Please describe PacifiCorp s efforts to incorporate wind into its resource
portfolio.
PacifiCorp has achieved national recognition for its strong commitment to renewable
energy, particularly wind power. In 2003 , PacifiCorp s Integrated Resource Plan
IRP") contained a diverse resource mix to meet the projected load growth need over
the next ten years including 1 ,400 MW of renewable energy. Based on a cost
effectiveness test, these resources were primarily characterized in the IRP as wind
resources. In 2004, the Company released its 2003B Request for Proposal (RFP)

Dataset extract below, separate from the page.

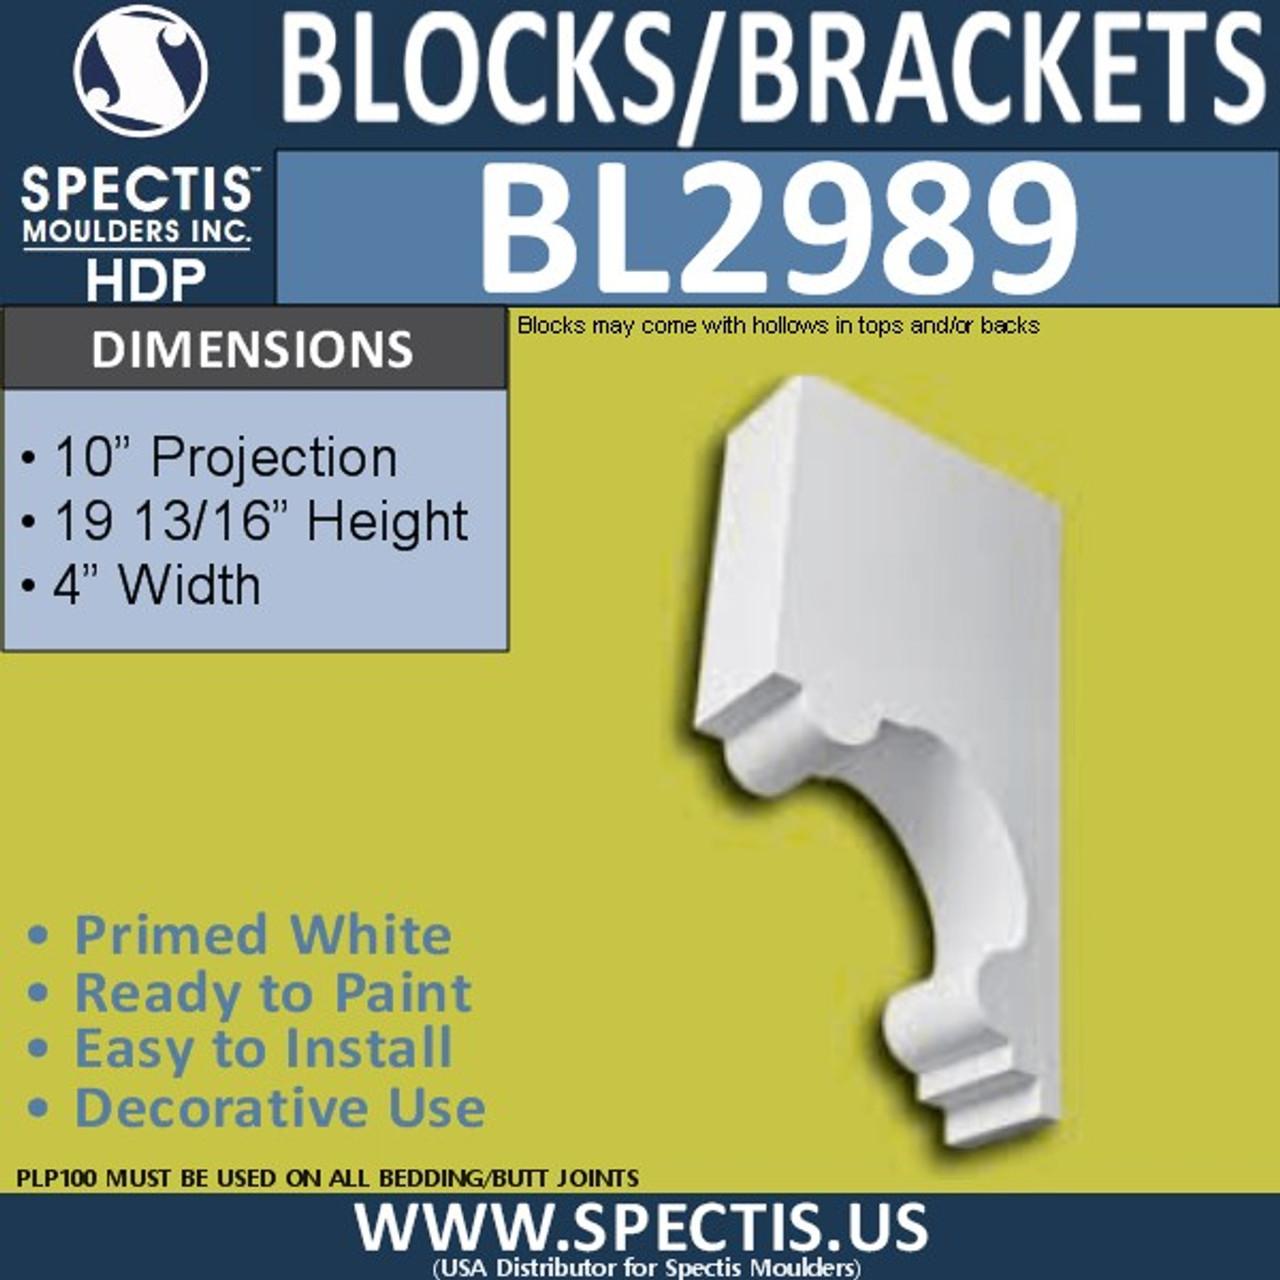 "BL2989 Eave Block or Bracket 4""W x 20""H x 10"" P"

seeking to acquire 1 100 MW of cost effective renewable resources over a period of
six years. PacifiCorp successfully signed a contract in 2005 with Wolverine Creek
Energy LLC, for the purchase of the output of a 64.5 MW wind farm to be built
southeast of Idaho Falls, Idaho and has targeted 200 MW of additional economic
renewable resources in 2006 and 2007. The RFP has provided the Company a
competitive process for acquiring wind resources, thereby allowing the Company to
include adjustments for project specific operating and location characteristics into
determining the overall cost effectiveness of the resource proposals. PacifiCorp
continues to pursue other opportunities through the RFP process and are responding
to numerous requests from wind QF developers across our multi-state territory.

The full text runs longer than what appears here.